The most common document sizes can be selected from a ready-made list in the appendix, there are 8 types of them. Any others – postcards, visas, etc. – can now be measured automatically. For this, we have integrated ARKit (line in augmented reality) into the new version of FineScanner for iOS. Apple API was used for its development. The ruler determines the physical size of the document in order to specify it in the properties and get it correctly displayed on paper when printed on a printer.
This is how it works:
How our business customers use FineScanner
Our B2C clients will be the first to try the new functionality, and businesses will start using the application a little later. This is primarily due to strict corporate security policies.

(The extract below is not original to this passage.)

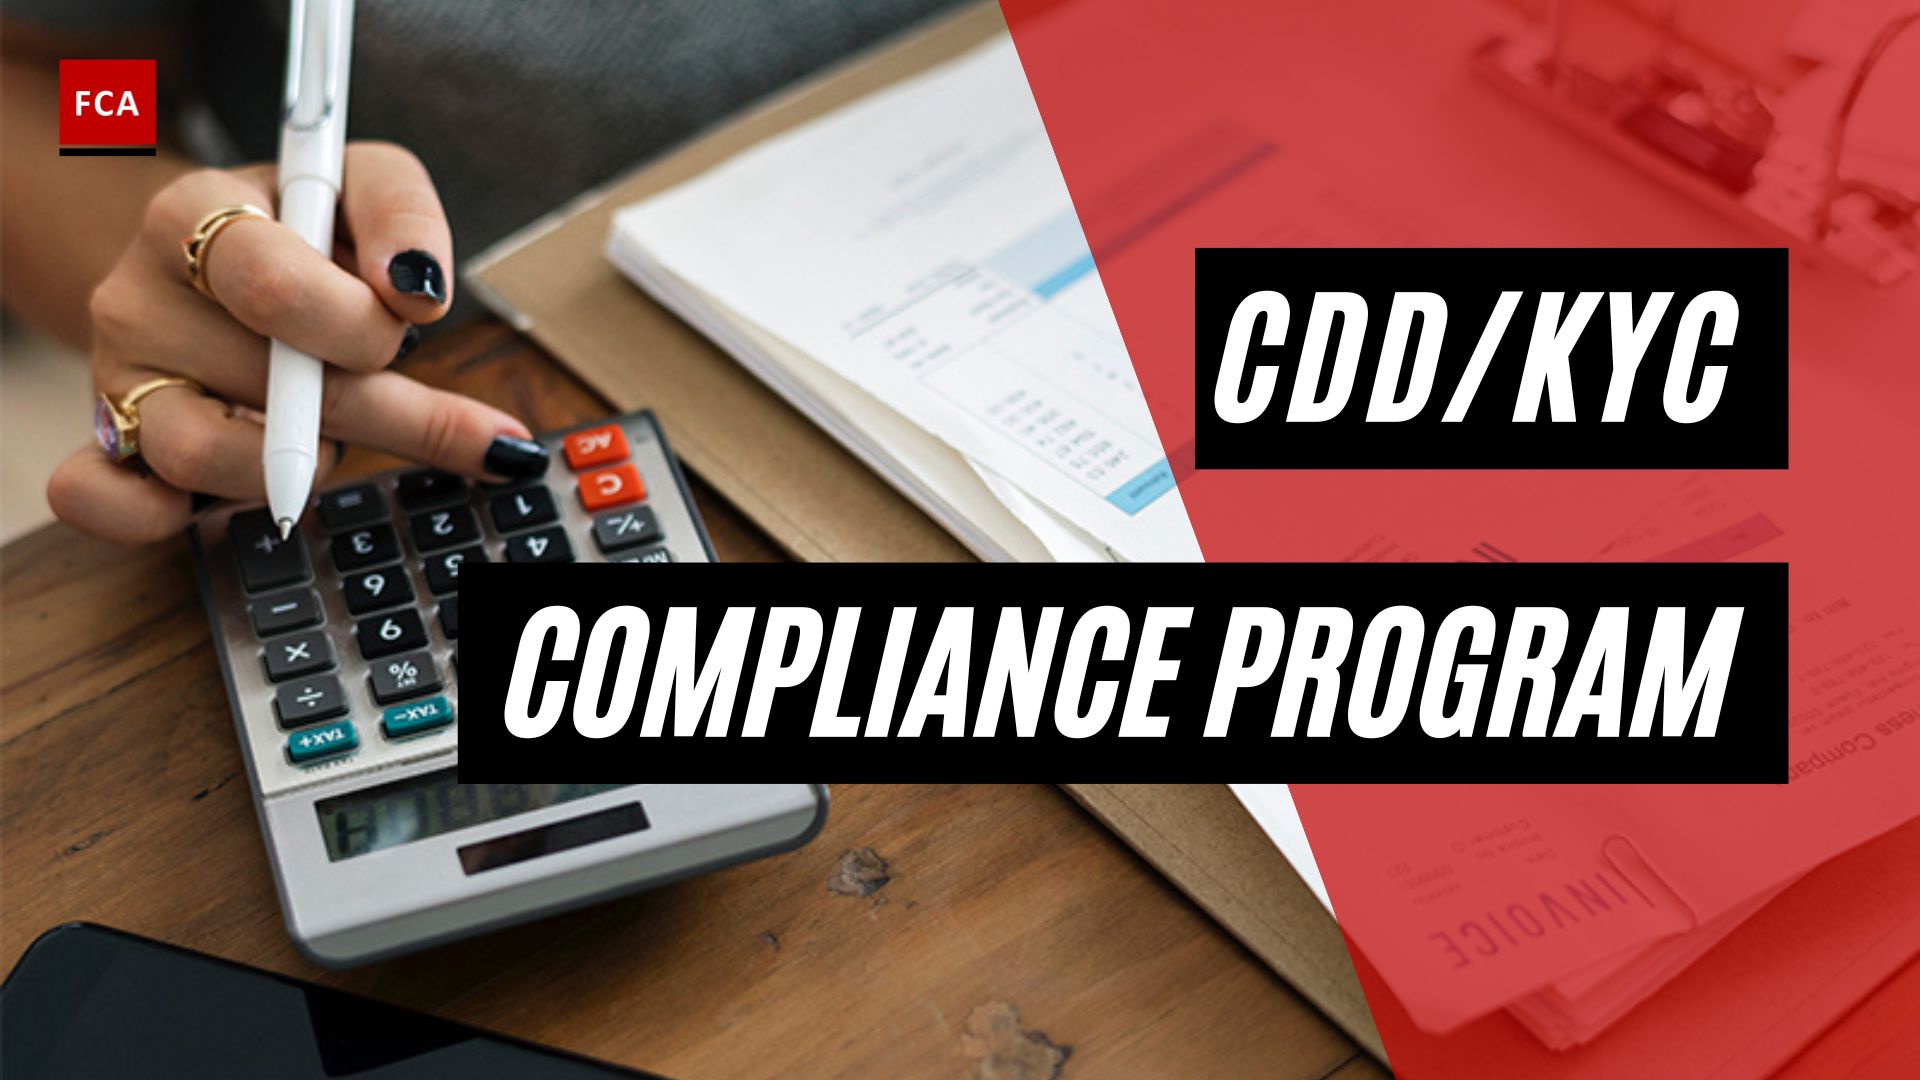 Cdd/Kyc Compliance Program

Our customers from large companies use their versions of ABBYY FineScanner under the control of various MDM platforms (Mobile Device Management, that is, solutions that allow you to configure the levels of protection of corporate information from unauthorized access and distribution, and also determine whether information stored on a mobile device will be available for third-party applications). For example, PwC audit or business consulting practitioners use a mobile scanner for fast digitization of any documents. During audits, they take photos of, for example, contracts or orders in just a few seconds, convert them to searchable PDF and send them to corporate repositories for additional verification and data analysis.
For the convenience of our customers, we are now preparing to release a version of FineScanner with support for the most popular MDM systems – Microsoft InTune, Mobile Iron, Workspace One and others.
For the future
We hope that the updated FineScanner will help simplify the tasks of digitizing and recognizing documents and books right on your smartphone, as well as quickly finding the files you need in the gallery and printing them.
We regularly collect user requests for FineScanner in order to understand how to develop the product further. According to our last survey, half of users send photographed documents to their own or another mail and continue to work with them on the computer, for example, print or store. Moreover, over 70% expect FineScanner to integrate with ABBYY FineReader PDF… It became interesting to us to find out what the Khabrovites think about it.